El sistema democrático vive sus momentos más aciagos en este siglo. De haber sido la respuesta ética, lógica y práctica frente a la violencia del autoritarismo y de las dictaduras que prevalecieron durante el siglo pasado, hoy se halla limitada, torpe y ambivalente frente al populismo y otras formas no democráticas de gobierno.
Un reciente estudio de Pew Research confirma que, en el ámbito global, una mayoría (52%) de personas se encuentra insatisfecha con la forma en la que funciona la democracia (frente a un 44% que se encuentra satisfecha). Y muchos de los insatisfechos, por cierto, viven en democracias establecidas, como Estados Unidos (59%), Francia (58%) e Inglaterra (69%).
Esta desafección hacia los valores democráticos es muy riesgosa. Por el lado de los ciudadanos, la insatisfacción se traduce en la búsqueda de soluciones radicales y de personajes estridentes, prestos a ofrecer el cielo en la tierra. La clase política, por su parte, está dividida entre sus principios y sus ansias de poder. En la pugna, sin embargo, observamos cómo el eje gravitacional ha ido virando desde sistemas democráticos hacia autoritarios: un estudio del V-DEM Institute, en efecto, confirma que las democracias liberales han ido perdiendo espacio frente a las democracias electorales, las autocracias electorales y las autocracias cerradas (estas últimas, las más pérfidas y las que más crecen).
Pocos políticos se presentan como autócratas o populistas (un caso paradigmático sería el de Rodrigo Duterte en Filipinas).
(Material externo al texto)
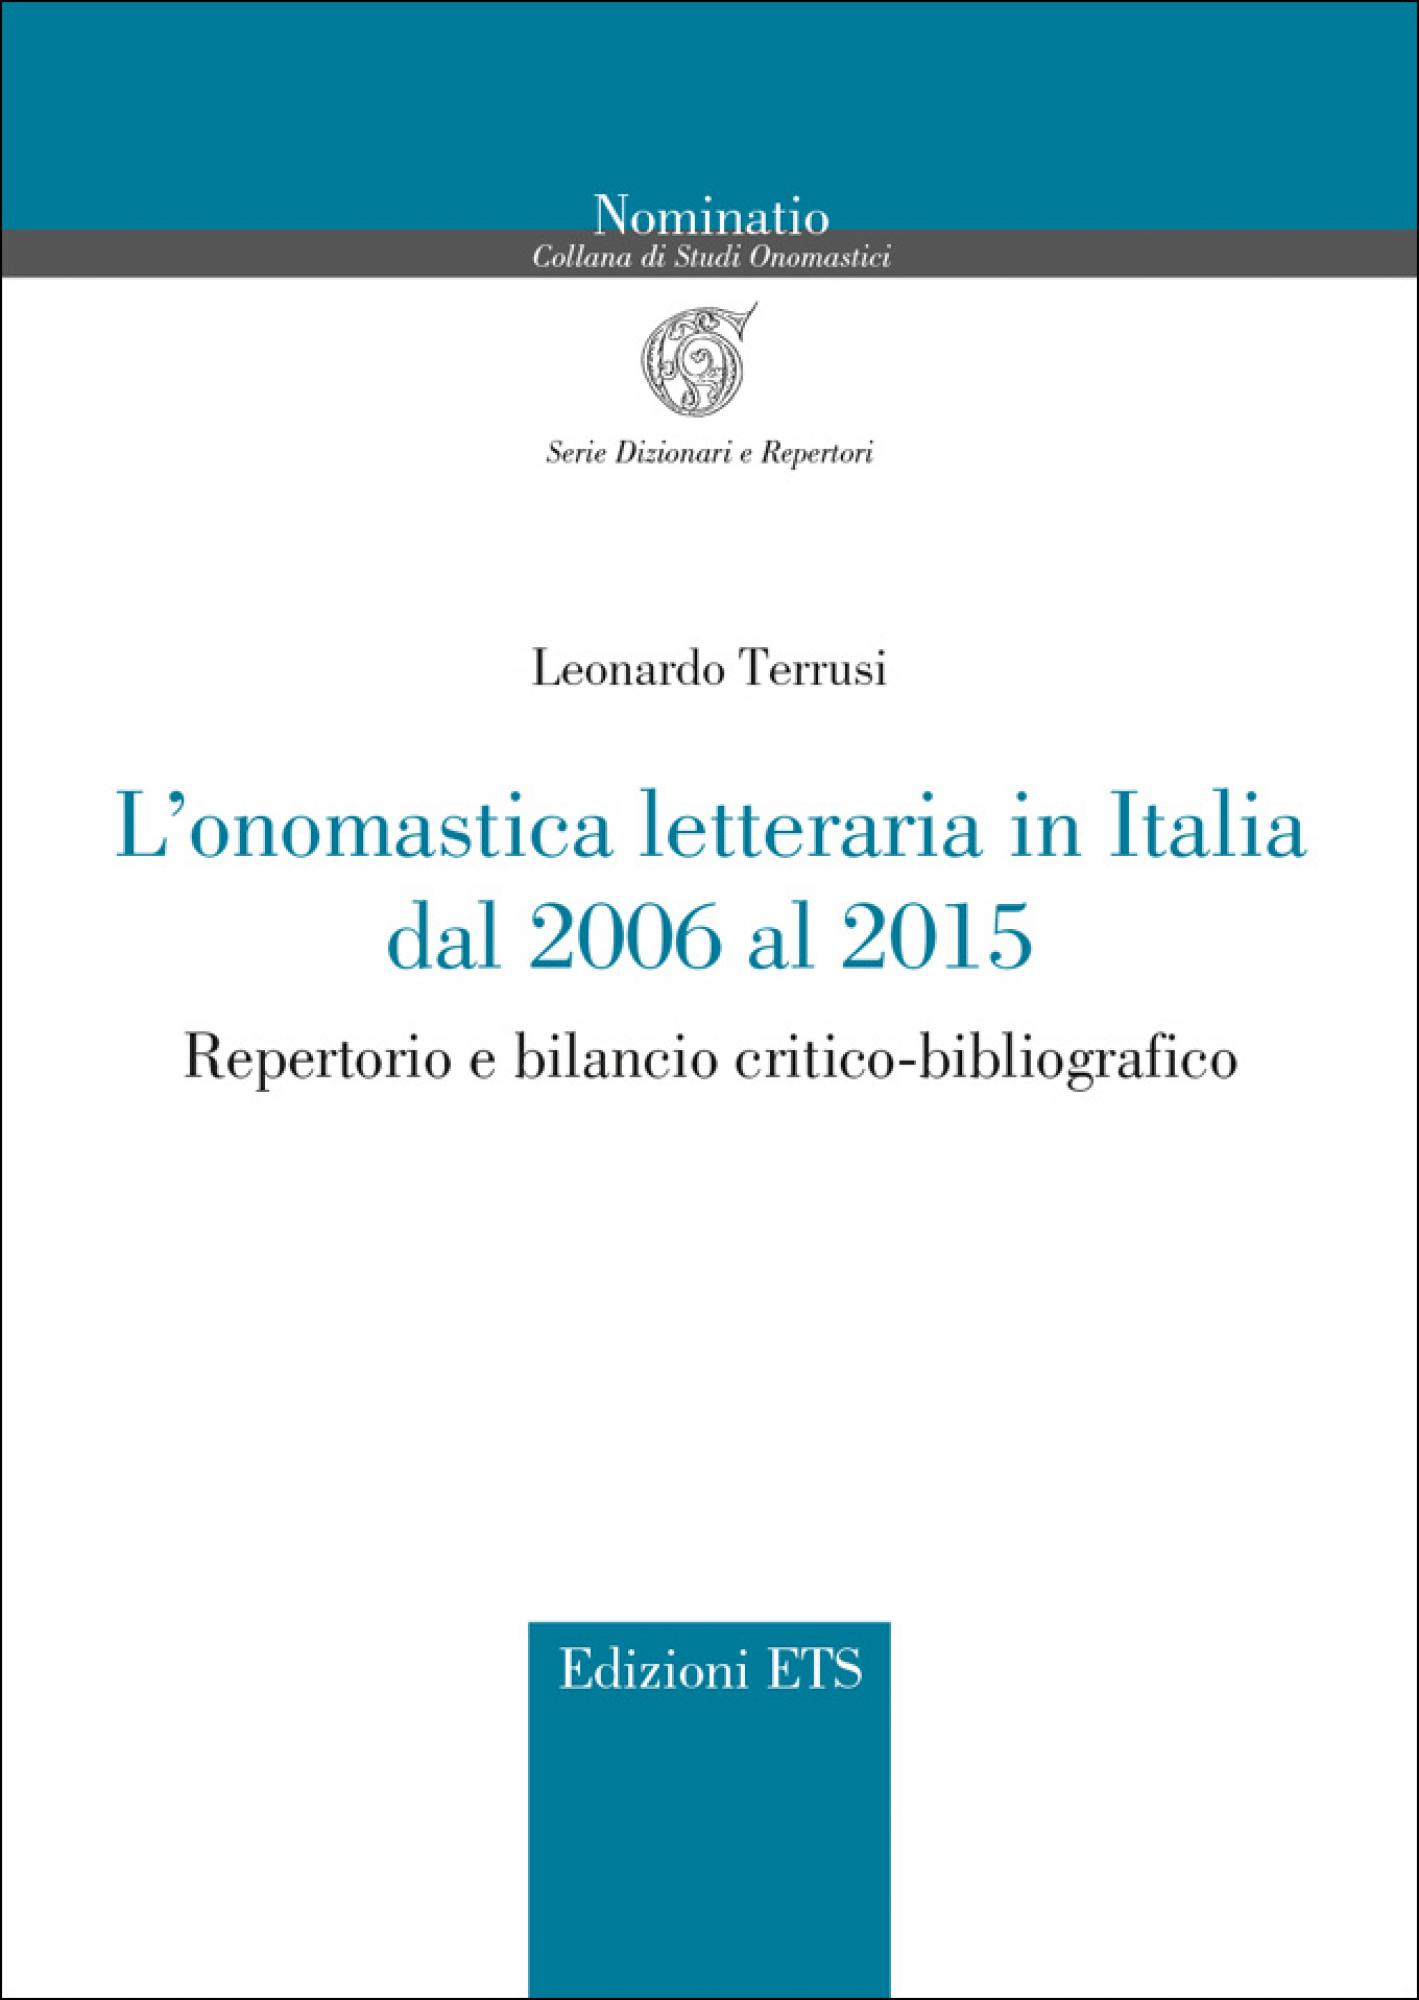 L'onomastica letteraria in Italia dal 2006 al 2015.Repertorio e bilancio critico-bibliografico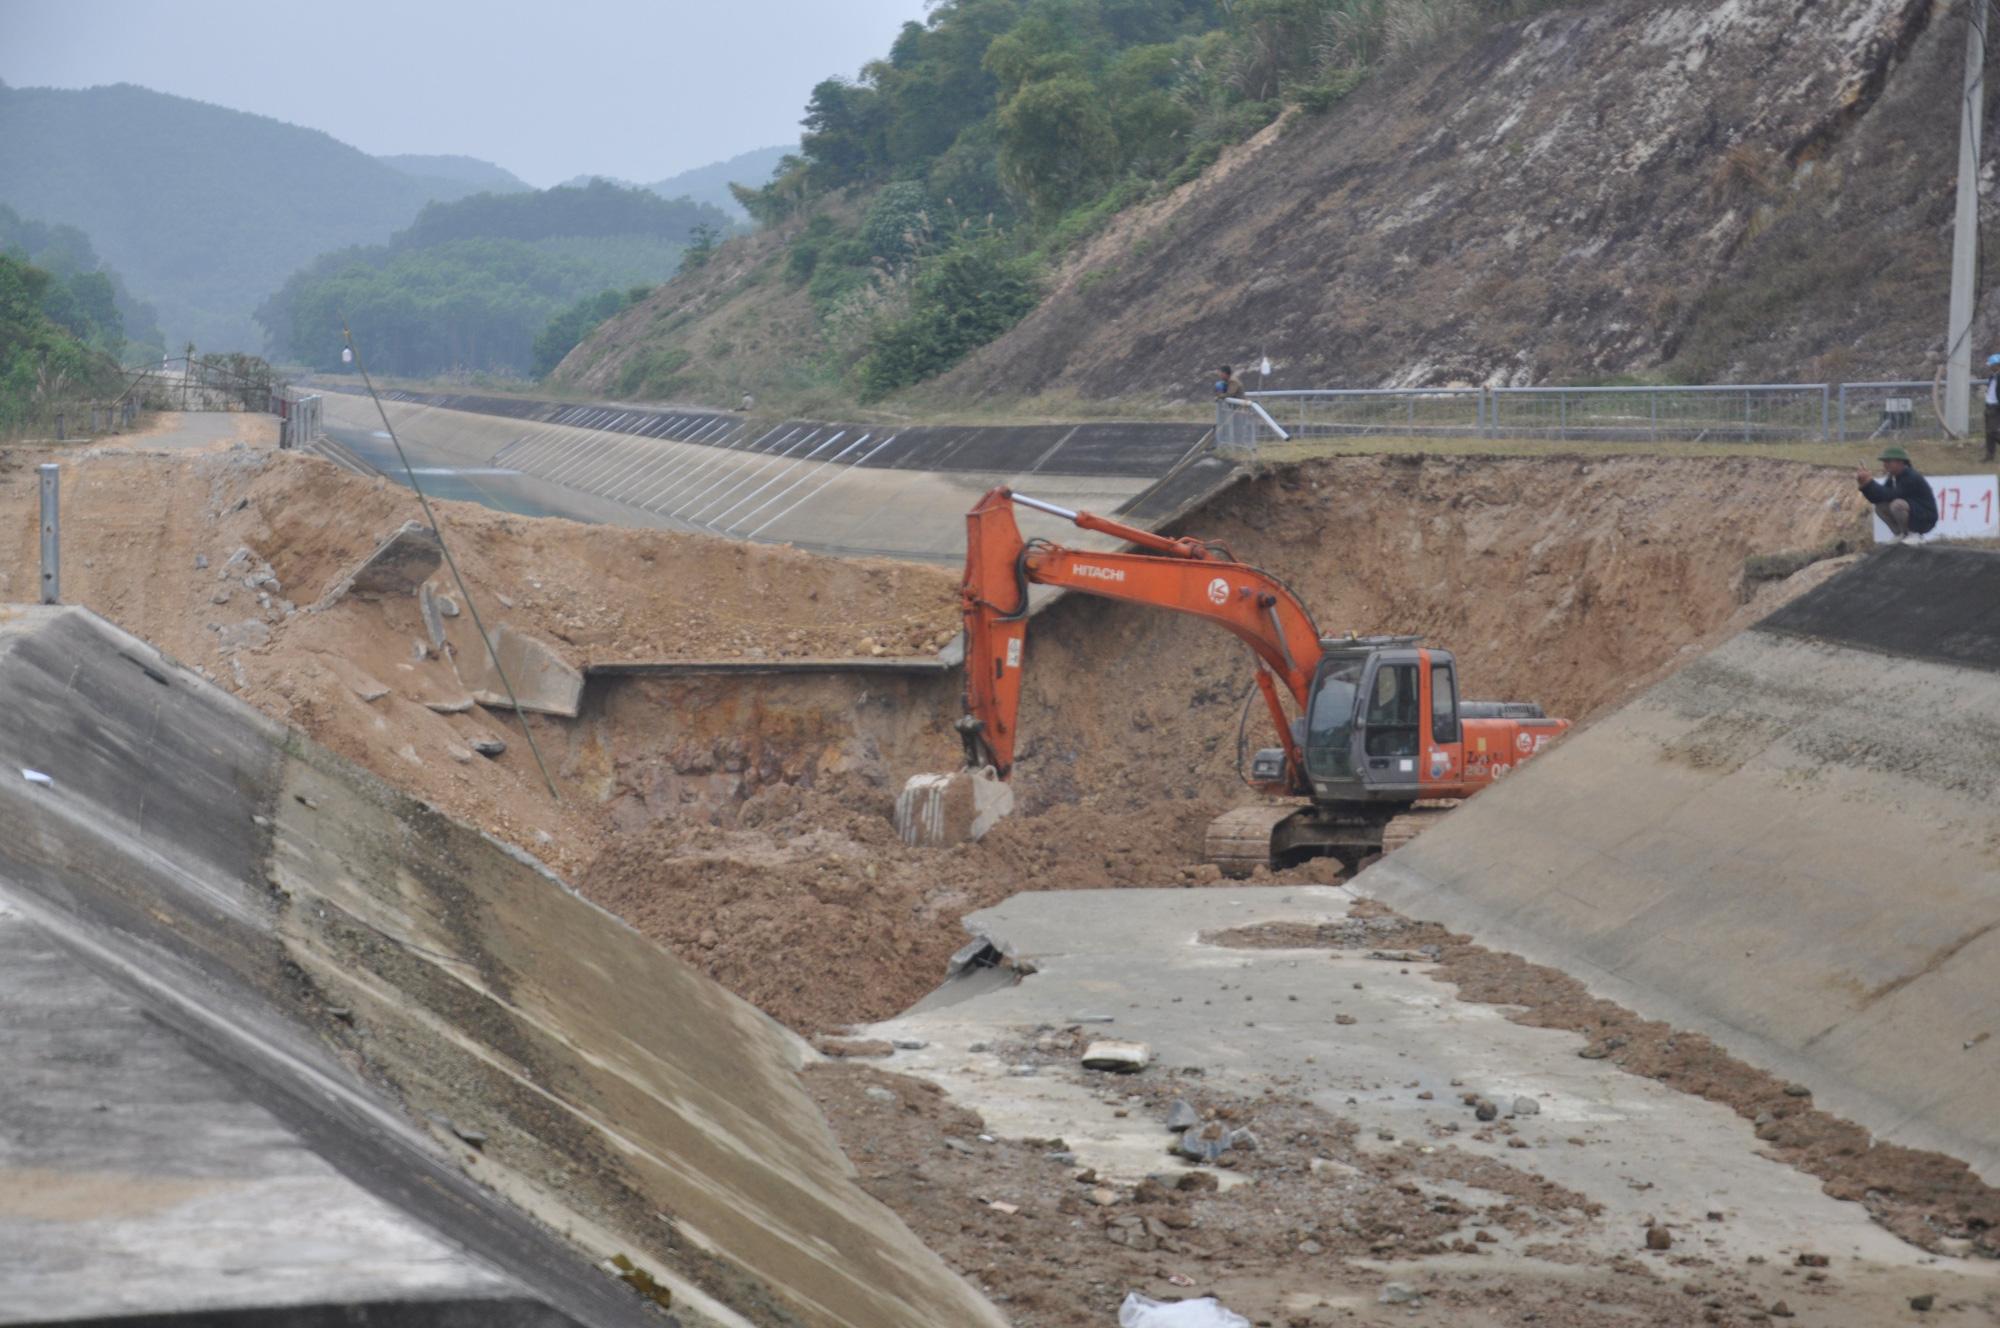 Cận cảnh sự cố vỡ kênh Bắc sông Chu - Nam sông Mã ở Thanh Hóa - Ảnh 1.

No obstante, es difícil perderse en la madeja de sus propuestas: le atribuyen todos los males al sistema democrático-capitalista, enarbolan la bandera nacionalista, se encogen al hablar de los pobres, y así. Cuando se trata de corruptelas o de injusticias, encarnan “la mano dura” que el pueblo necesita. Cuando se les reduce el vocabulario (ante una pregunta técnica), apelan a la unidad, la esperanza y la fe. Son de manual y, aun así, los vemos liderando países o encuestas.
El populismo se destila a derecha e izquierda del abanico ideológico. Pero una vez en el poder, poco importa la ideología: el caudal de apoyo es lo que mueve sus fichas. En cuanto a resultados, hay garantía del balance final: un período (si no varios) perdidos, dinero despilfarrado en corruptelas y clientelismo, mayor desazón ciudadana, pérdida de productividad económica y, casi siempre, mayores niveles de inseguridad ciudadana.
Frente a esto, la democracia tiene pocas líneas de defensa. La prensa es una, aunque constantemente agredida por los caudillos y sus satélites. Las leyes y tribunales, sabemos, son más frágiles.
La ciudadanía, a fin de cuentas, es la última línea de defensa (Estados Unidos, por ejemplo, acaba de rechazar en las urnas a un líder populista). Por ello, resulta imprescindible atender los procesos electorales con interés, escuchar con atención y votar pensando en las oportunidades, no en las frustraciones. El resultado de ese voto se entenderá y se sentirá en el largo plazo.